#### Task details
The lines below starting at the line containing "Hoya carnosa (Fiore di cera)" and ending at the line containing "Petra Heinicker: Kolpingsarbeit" are to be repeated exactly, with both ends kept and nothing else added.

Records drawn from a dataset
• • • • •
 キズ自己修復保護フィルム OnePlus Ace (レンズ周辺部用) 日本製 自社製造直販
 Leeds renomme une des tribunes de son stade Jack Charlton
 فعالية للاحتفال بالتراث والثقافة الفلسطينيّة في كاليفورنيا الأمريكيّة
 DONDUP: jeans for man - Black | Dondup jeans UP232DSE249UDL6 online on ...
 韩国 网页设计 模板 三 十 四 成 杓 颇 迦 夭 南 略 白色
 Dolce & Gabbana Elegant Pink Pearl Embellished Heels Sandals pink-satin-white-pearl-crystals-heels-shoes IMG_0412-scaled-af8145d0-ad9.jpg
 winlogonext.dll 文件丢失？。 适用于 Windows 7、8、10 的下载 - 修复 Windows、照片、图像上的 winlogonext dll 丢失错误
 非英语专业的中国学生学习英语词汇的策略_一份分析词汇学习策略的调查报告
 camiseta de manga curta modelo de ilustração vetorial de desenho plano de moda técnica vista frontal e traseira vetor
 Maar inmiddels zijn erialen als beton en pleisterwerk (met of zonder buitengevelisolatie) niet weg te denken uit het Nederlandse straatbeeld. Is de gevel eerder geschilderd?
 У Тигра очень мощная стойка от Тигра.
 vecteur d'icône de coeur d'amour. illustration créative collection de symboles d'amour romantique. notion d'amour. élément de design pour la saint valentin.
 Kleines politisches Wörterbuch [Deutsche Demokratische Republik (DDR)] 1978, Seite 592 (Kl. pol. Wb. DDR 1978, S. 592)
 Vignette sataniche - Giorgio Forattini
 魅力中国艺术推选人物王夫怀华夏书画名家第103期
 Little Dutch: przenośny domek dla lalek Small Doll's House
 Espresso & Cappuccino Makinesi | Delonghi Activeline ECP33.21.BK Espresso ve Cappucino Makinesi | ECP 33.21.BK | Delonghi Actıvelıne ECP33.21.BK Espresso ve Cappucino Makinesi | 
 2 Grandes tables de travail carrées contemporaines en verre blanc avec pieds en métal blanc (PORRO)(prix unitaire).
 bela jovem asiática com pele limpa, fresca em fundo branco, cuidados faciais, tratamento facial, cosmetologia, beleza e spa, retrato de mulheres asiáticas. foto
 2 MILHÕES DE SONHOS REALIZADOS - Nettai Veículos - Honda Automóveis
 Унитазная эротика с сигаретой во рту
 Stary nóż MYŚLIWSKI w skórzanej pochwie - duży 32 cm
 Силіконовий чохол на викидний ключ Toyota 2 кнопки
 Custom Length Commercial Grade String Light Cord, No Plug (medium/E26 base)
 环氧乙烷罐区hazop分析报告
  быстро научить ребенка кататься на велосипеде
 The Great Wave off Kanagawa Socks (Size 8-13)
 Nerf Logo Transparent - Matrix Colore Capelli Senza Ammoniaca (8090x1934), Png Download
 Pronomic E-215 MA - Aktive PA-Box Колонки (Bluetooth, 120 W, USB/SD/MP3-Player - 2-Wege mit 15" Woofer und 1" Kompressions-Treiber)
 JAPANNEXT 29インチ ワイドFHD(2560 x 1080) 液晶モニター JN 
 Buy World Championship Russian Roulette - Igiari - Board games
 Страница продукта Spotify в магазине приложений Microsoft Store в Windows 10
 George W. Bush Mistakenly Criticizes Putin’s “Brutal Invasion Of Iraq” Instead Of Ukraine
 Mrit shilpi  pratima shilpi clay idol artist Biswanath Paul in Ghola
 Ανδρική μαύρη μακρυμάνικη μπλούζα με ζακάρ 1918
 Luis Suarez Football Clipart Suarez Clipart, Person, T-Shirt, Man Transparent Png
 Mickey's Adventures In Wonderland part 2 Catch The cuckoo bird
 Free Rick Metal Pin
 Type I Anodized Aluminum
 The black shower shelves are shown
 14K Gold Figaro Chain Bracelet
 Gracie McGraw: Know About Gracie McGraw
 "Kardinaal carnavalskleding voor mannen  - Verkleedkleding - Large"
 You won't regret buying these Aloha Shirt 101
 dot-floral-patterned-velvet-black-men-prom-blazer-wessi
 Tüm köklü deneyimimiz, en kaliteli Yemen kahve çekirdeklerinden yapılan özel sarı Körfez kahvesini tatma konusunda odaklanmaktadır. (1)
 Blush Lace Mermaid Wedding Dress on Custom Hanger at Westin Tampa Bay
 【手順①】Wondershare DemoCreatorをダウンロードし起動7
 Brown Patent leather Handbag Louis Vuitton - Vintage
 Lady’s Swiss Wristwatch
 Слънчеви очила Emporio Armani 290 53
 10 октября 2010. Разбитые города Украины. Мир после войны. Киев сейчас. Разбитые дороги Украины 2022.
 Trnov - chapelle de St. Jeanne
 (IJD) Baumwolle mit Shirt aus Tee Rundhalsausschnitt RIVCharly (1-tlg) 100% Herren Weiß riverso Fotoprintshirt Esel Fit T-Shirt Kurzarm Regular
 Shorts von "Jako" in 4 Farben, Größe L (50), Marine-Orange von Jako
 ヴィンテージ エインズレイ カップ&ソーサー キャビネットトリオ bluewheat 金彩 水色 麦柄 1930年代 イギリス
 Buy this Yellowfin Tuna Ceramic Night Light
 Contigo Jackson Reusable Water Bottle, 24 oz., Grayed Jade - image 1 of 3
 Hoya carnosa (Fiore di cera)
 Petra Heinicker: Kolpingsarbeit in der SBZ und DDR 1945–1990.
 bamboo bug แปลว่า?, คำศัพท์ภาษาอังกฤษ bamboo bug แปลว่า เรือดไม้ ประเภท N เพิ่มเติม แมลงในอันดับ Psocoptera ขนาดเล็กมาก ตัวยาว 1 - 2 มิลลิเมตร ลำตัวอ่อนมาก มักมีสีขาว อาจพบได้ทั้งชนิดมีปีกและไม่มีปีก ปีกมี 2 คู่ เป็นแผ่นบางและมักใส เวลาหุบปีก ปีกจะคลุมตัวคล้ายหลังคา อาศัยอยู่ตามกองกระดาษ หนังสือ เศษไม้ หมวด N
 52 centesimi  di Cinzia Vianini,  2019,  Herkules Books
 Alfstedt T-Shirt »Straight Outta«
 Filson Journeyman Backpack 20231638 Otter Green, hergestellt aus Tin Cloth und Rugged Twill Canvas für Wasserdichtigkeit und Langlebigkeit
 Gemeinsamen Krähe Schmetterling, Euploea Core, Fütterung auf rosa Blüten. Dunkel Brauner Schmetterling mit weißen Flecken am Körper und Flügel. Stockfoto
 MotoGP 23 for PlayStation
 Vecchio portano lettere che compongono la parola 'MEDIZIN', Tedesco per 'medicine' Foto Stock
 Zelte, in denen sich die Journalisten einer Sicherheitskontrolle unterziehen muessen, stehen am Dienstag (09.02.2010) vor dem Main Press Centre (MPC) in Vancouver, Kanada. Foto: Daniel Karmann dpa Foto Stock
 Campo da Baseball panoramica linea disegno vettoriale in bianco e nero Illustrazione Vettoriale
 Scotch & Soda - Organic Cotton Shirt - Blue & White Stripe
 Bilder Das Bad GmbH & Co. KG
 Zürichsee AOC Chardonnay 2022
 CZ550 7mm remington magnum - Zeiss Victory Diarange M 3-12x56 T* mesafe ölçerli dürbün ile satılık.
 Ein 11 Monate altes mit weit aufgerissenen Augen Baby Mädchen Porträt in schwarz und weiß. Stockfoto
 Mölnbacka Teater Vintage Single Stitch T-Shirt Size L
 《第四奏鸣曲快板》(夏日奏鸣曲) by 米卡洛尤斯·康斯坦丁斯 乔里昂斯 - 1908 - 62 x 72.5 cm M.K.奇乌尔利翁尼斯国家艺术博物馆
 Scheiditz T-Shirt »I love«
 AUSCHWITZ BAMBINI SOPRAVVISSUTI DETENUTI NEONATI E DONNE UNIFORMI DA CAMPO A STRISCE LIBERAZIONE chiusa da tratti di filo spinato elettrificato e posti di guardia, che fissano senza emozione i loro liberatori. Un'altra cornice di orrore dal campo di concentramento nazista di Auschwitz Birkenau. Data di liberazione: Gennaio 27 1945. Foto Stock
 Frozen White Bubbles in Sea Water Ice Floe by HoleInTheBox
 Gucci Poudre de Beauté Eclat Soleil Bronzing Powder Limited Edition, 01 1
• • • • •
#### Response
 Hoya carnosa (Fiore di cera)
 Petra Heinicker: Kolpingsarbeit in der SBZ und DDR 1945–1990.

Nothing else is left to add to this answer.